Efficient 2D Bounded Point Search

An efficient solution is presented to the following problem: given N points in a 2D plane, each with an associated unique rank 0 -> N-1, find the k points with the lowest rank in a given rectangle. The solution is valid for any N and k and any point distribution, but is most effective when k << N and the points are uniformly distributed in x and y.

Motivation

This problem was posed by Churchill Navigation as a programming challenge. For the challenge, N was 10 million, k was 20, and the points and rectangles were generated randomly. Although not stated in the problem, the points were also constrained to fall within a rectangle and were somewhat uniformly distributed. An example point cloud is shown below.

Solutions were judged on correctness and execution speed only, although the memory usage was required to be below 512MB and the initialization time for any data structures had to be under 30s on the test hardware. My solution came in 2nd place, narrowly beaten at the last minute. With proper use of the structure of arrays pattern and SSE intrinsics (as demonstrated by Stefan's solution to the same problem), I'm convinced that the implementaion could be sped up further.

Solution

Conceptually, my solution can be divided into three parts: a spacial division tree search, which may fail to find the top k points with some small probability, followed by two possible backup solutions in case the primary search does fail. The choice of backup solution depends on the properties of the query rectangle.

Spacial Division

The primary data structure employed was a spacial division tree with overlapping child nodes. At each level, the space is divided into six regions, as shown in the diagram below. For each node in the tree (internal nodes as well as leaves), I precalculate the T points with lowest rank, and sort these points by rank.

When a rectangle is queried, I descend the tree to find the smallest node (or leaf) that fully contains the query rectangle. I then check the T precalculated points in this rectangle to find the top k that fall inside.

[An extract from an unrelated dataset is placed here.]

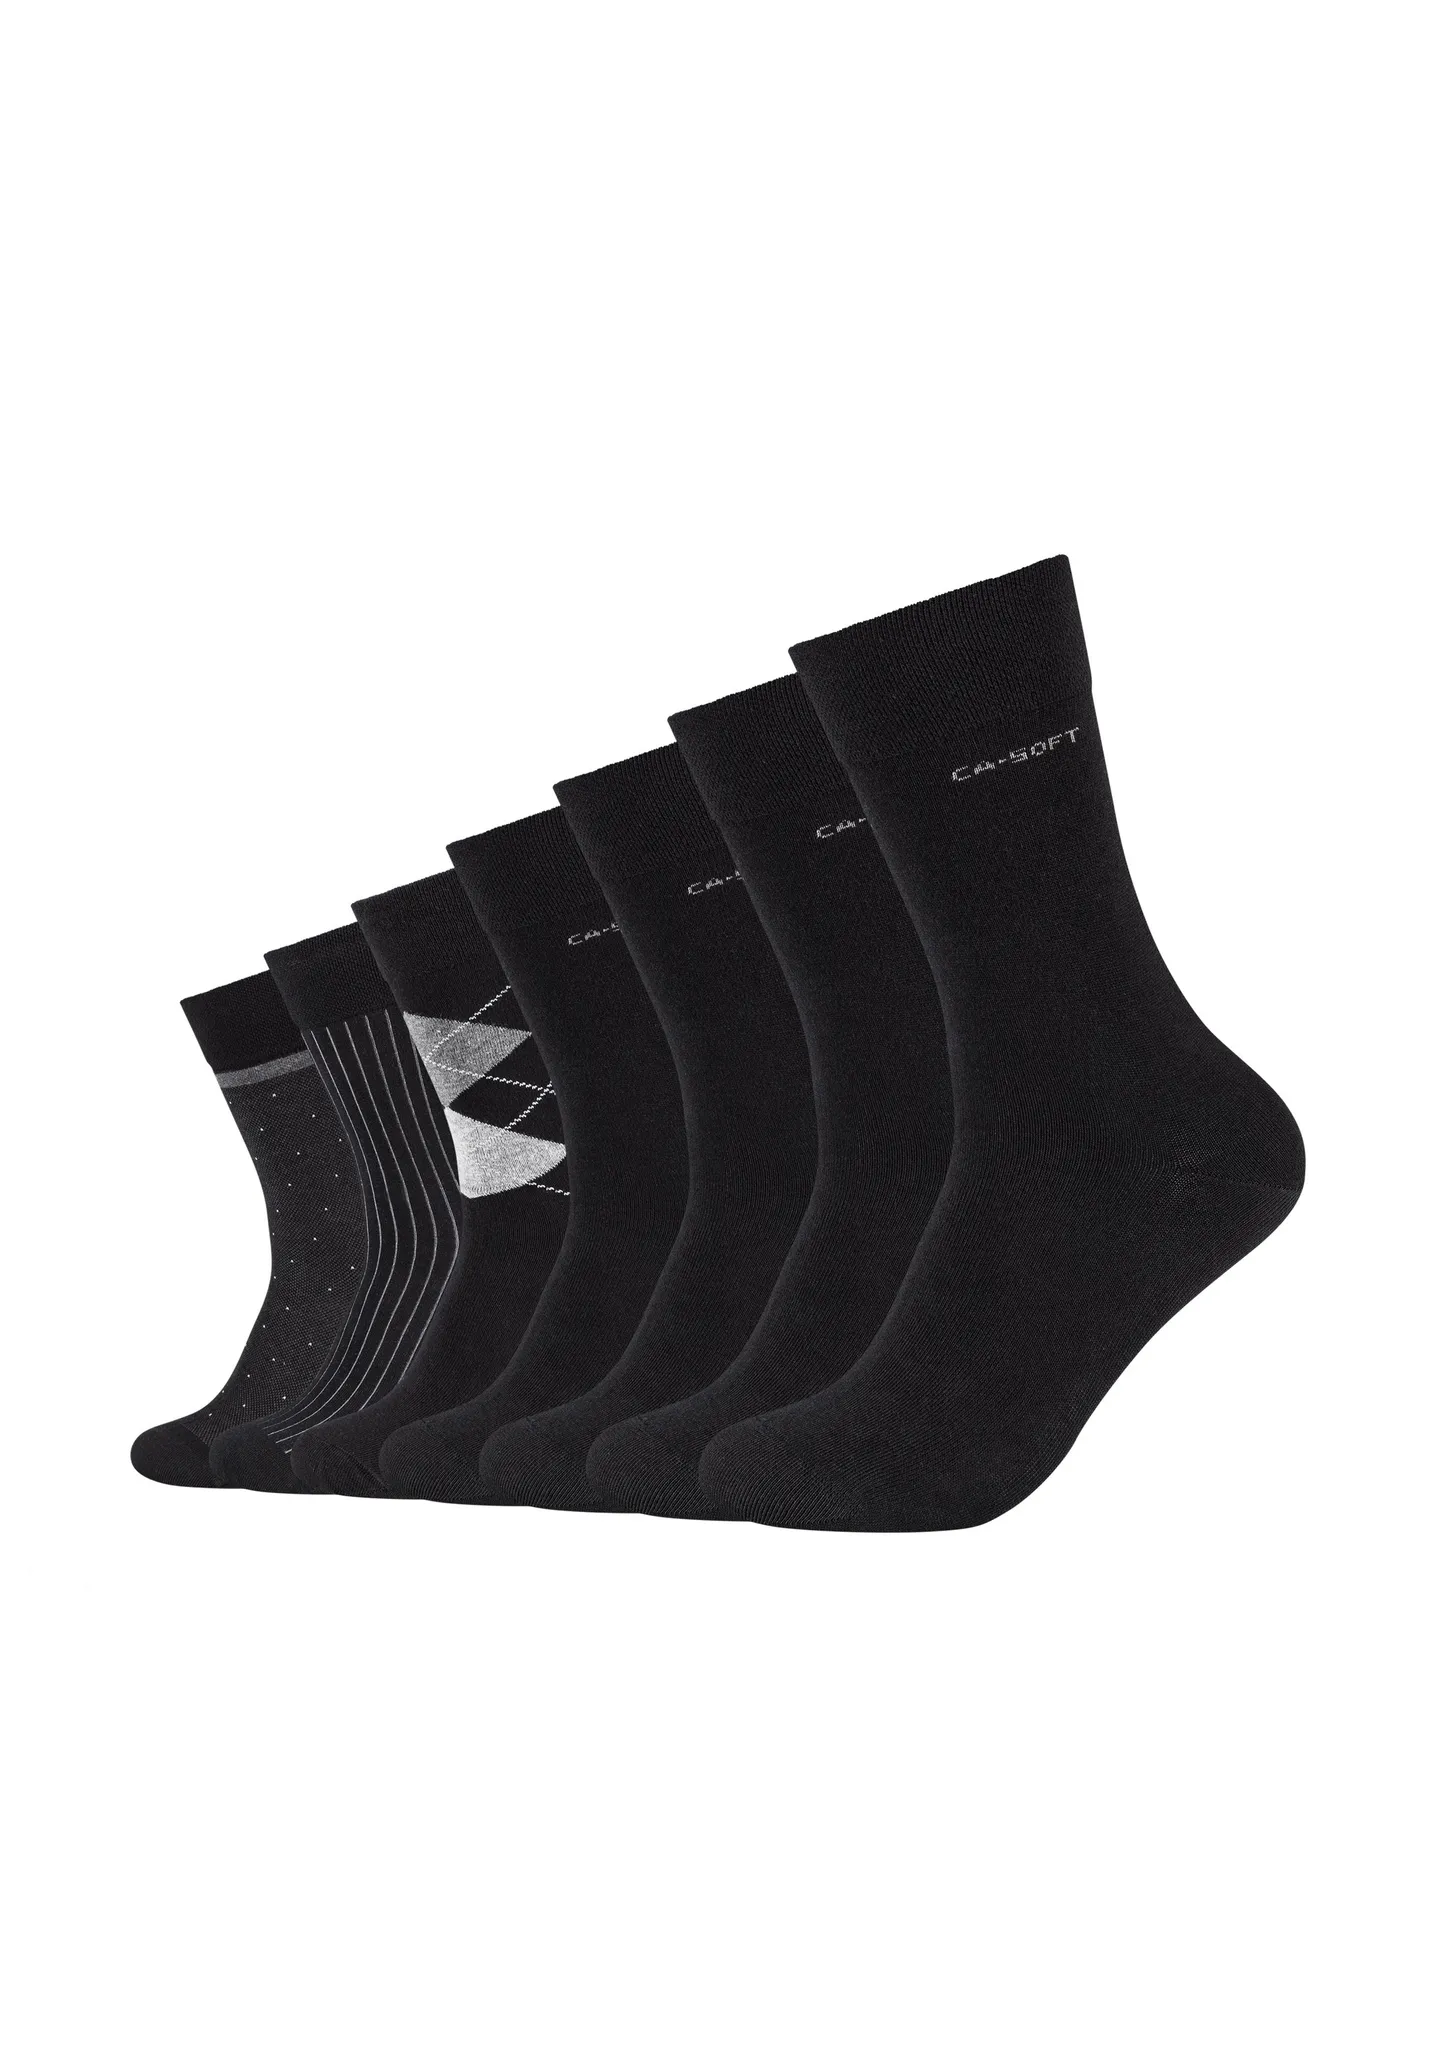 Camano weichem ca-soft mit 7er-Pack Socken

If I fail to find k points that fall insisde the rectangle, I fall back onto one of the backup algorithms (more on this below).

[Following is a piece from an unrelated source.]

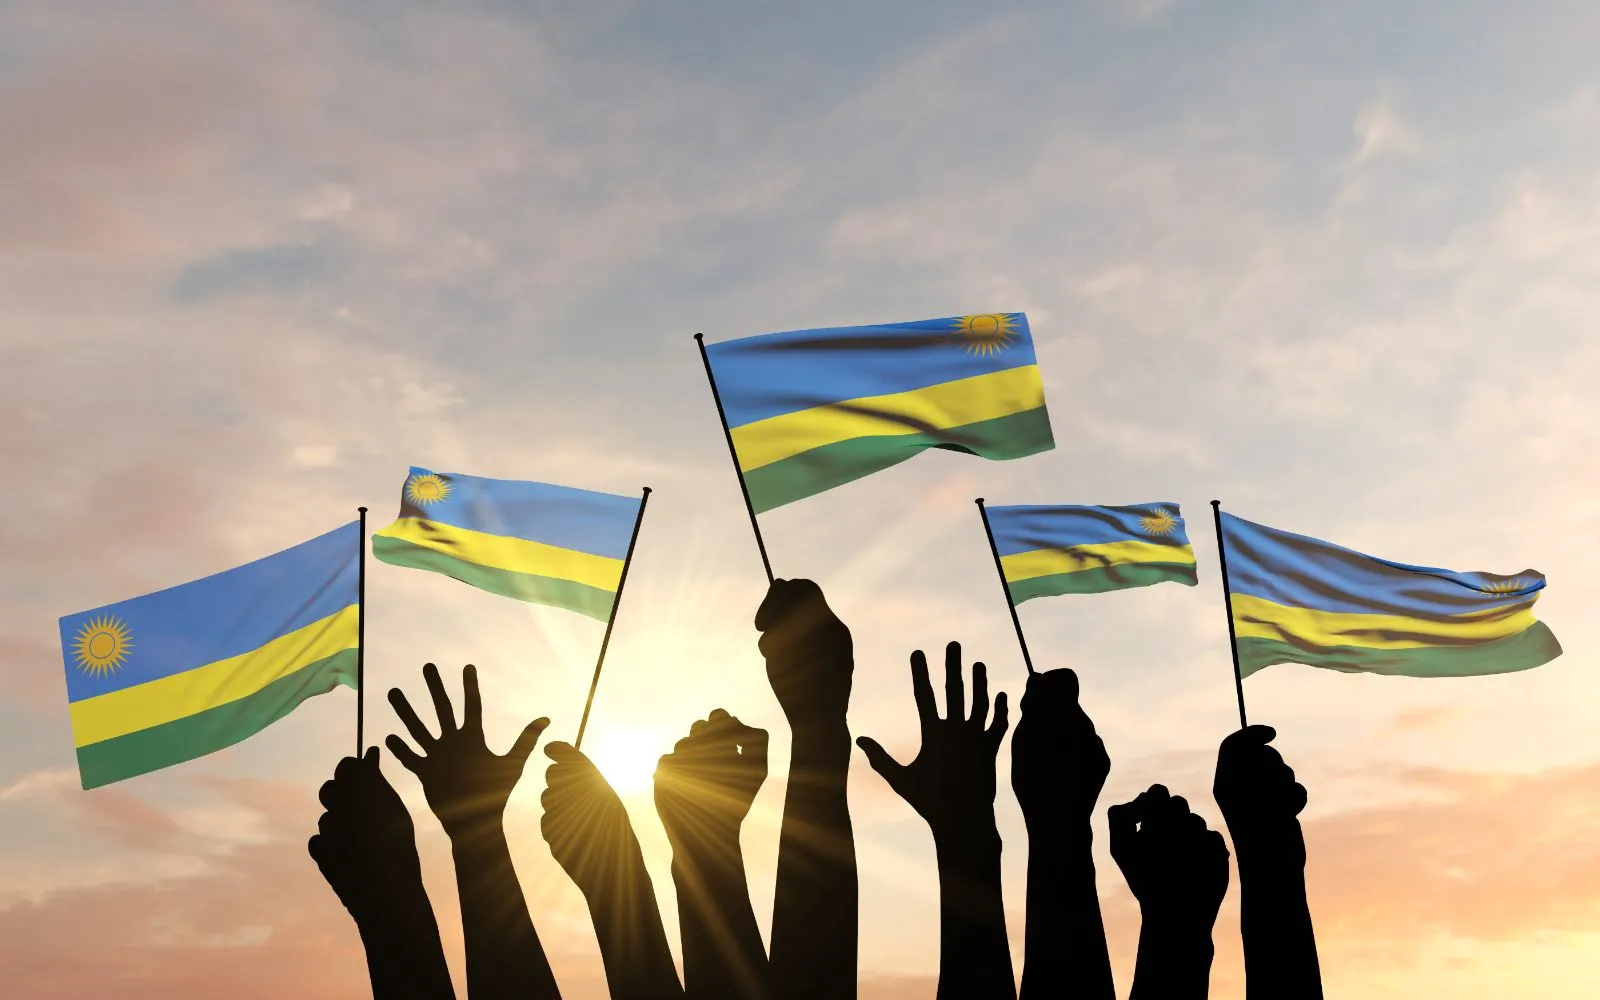 Siluetas de manos levantadas ondeando banderas de Ruanda?w=200&h=150

There are several advantages to this division structure

The nodes and leaves have widely varying shapes. Following the notation a-b-c, where a is a child, and b is a child of a, and c is a child of b, we can see that node 4-3 is a roughly equal sided rectange, whereas node 1-1-1 is a tall skinny rectangle, and node 5-2-6 is a short fat rectangle. This means that for almost any query rectange, there is a node of roughly the same shape. This is imporant, because the larger the query rectangle is as a fraction of the node size, the more likely that the algorithm will be able to find k points (out of T) that fall within it.
It accommodates query rectangles that are pathological to a quadtree. A quadtree (or any spacial division structure without overlap) exhibits poor performance for rectangles that overlap multiple children, because either you have to a) stop recursing and check the points in the parent node or b) merge the results of the children. Option a) is likely to fail if the query rectangle is only a small fraction of the size of the parent (unless T is very large) and option b) requires recursive merging, which becomes expensive quickly. For example, in the image to the right, the green query rectangle overlaps 14 leaf nodes, whereas in the overlapping tree structure, it would fall comfortably inside node 3-3 and would be a significant fraction of that node's area.
It has provable, consistent behavior in the internal nodes. Recursion halts only at a leaf node, or if the none of the children of the current node fully contain the query rectangle. It is easy to see that this latter case only occurs if both of the following are true: the query rectangle width is greater than 1/4th the node width and the query rectangle height is greater than 1/4th the node height (the diagram to the right shows the smallest possible query rectangle that does not fall inside a child node). This implies that recursion only stops at an internal node when the query rectangle is at least 1/16th the area of the node. Assuming a roughly uniform distribution of points, the probability of a point falling within the query rectangle is equal to the ratio of the query rectangle to the ratio of the node rectangle, which we just proved is lower bounded by 1/16. The probability of finding at least k points (out of T) that fall inside the rectangle is given by the binomial distribution, and, for large T, is very good. For example, for the target problem with k = 20, choosing T = 500 implies a failure rate of less than 1%.
It is relatively memory efficient. The number of nodes in a quadtree grows as the fourth power of the depth. Since the overlapping tree structure has six divisions per node, one might expect that the number of nodes would grow as the sixth power of the depth. However, due to the nature of the overlap, many nodes can be reached by more than one path down the tree. For example, the figure at the right shows that the node 6-2 represents the same region as node 2-6. Thus, only one of those areas needs to be built out, and the other can simply point to the existing one.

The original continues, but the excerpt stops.